Collectible card game

Star Trek: The Card Game is an out-of-print collectible card game by Fleer and Skybox based on the original Star Trek series. The game was designed by Mag Force 7. The original set had 306 cards and was first released in June 1996.

One expansion was released in January 1997 called Starfleet Maneuvers. The 160-card set was designed by Ron Perazza and Steve Domzalski. This focused on the events of the first half of the second season of the show. Promotional cards were distributed in various magazines, including Combo and InQuest, and a Pavel Chekov promotional card was distributed at Gen Con '96.

A second expansion called Alien Encounters was planned for a summer 1997 release but never materialized. It would have focused on the events of the second half of the second season of the show and introduced the new card type Ally. An unnamed third expansion was planned for November 1997.

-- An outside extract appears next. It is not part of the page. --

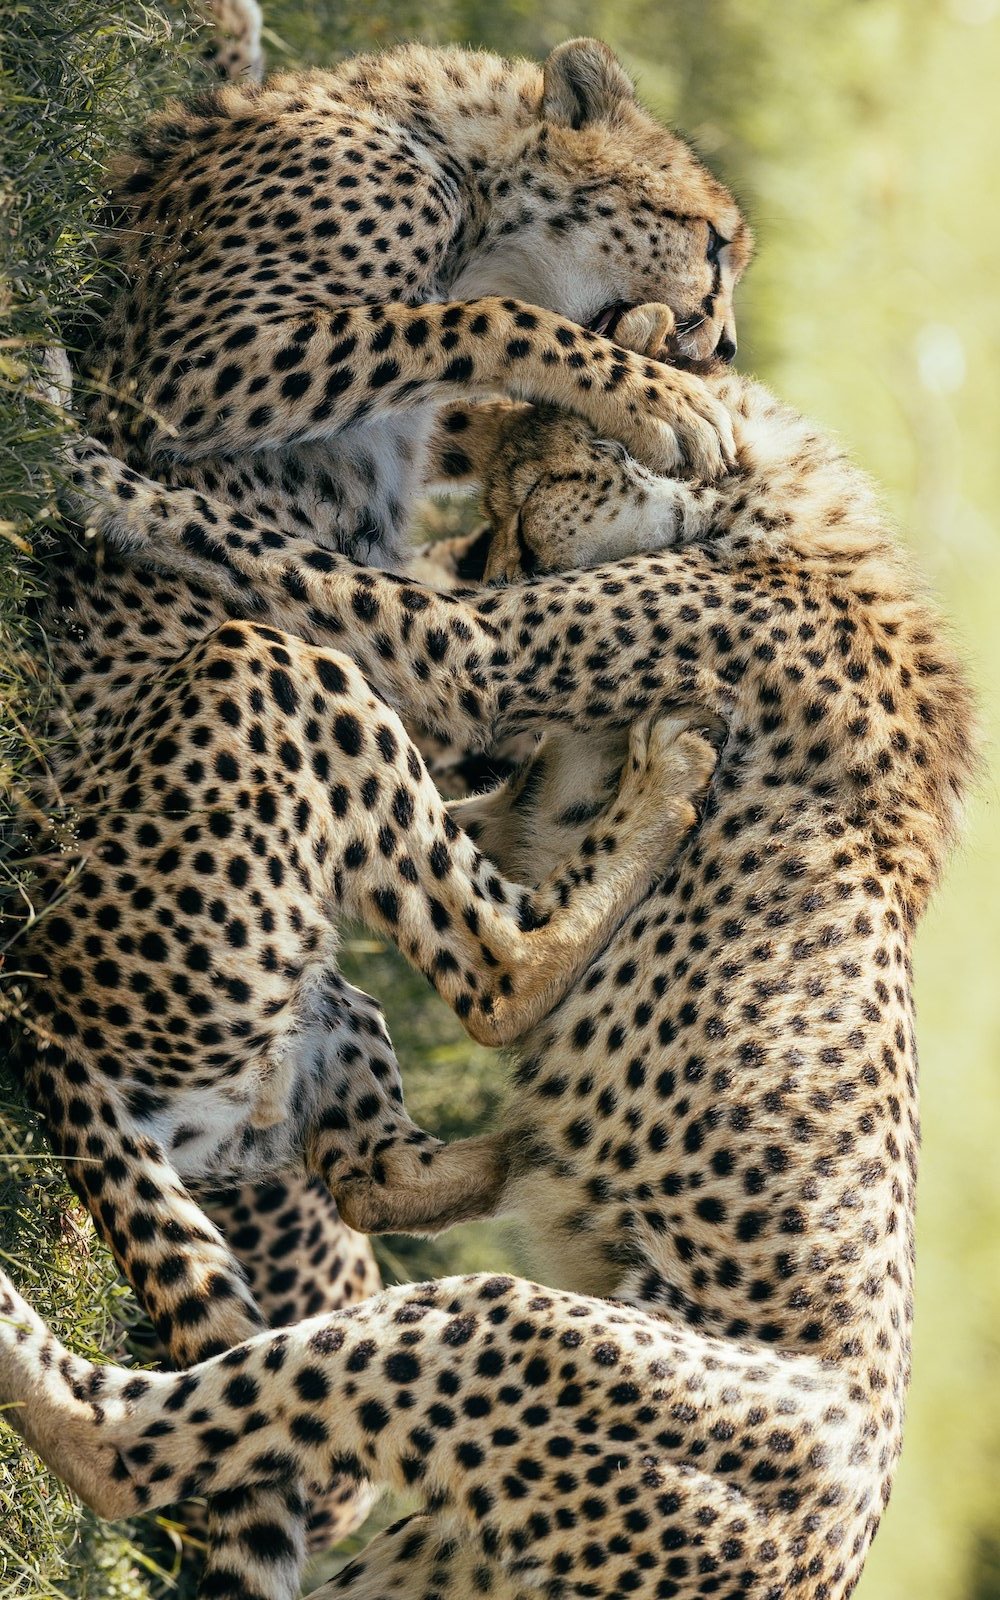 THE CHEETAH BROTHERS

The game was not compatible with Decipher's iterations of the Star Trek Customizable Card Game.

The gameplay involved acting out an episode using the crew of the U.S.S. Enterprise.

==Reception==
Andy Butcher reviewed Star Trek: The Card Game for Arcane magazine, rating it a 7 out of 10 overall, and stated that "this is a fun game that works well. It may not have quite enough depth to maintain your interest for extended play, but it's a great way to pass an hour or two when you don't feel up to anything too competitive, and as such you'll probably find yourself coming back to it again and again."

In a review published in the December 1996 issue of The Duelist, Allen Varney states that the game has a "retro, 1960s look" whose style "does not fit a series set in the 23rd century". He also stated that the rulebook is extensive but the game "works better when someone teaches you the rules".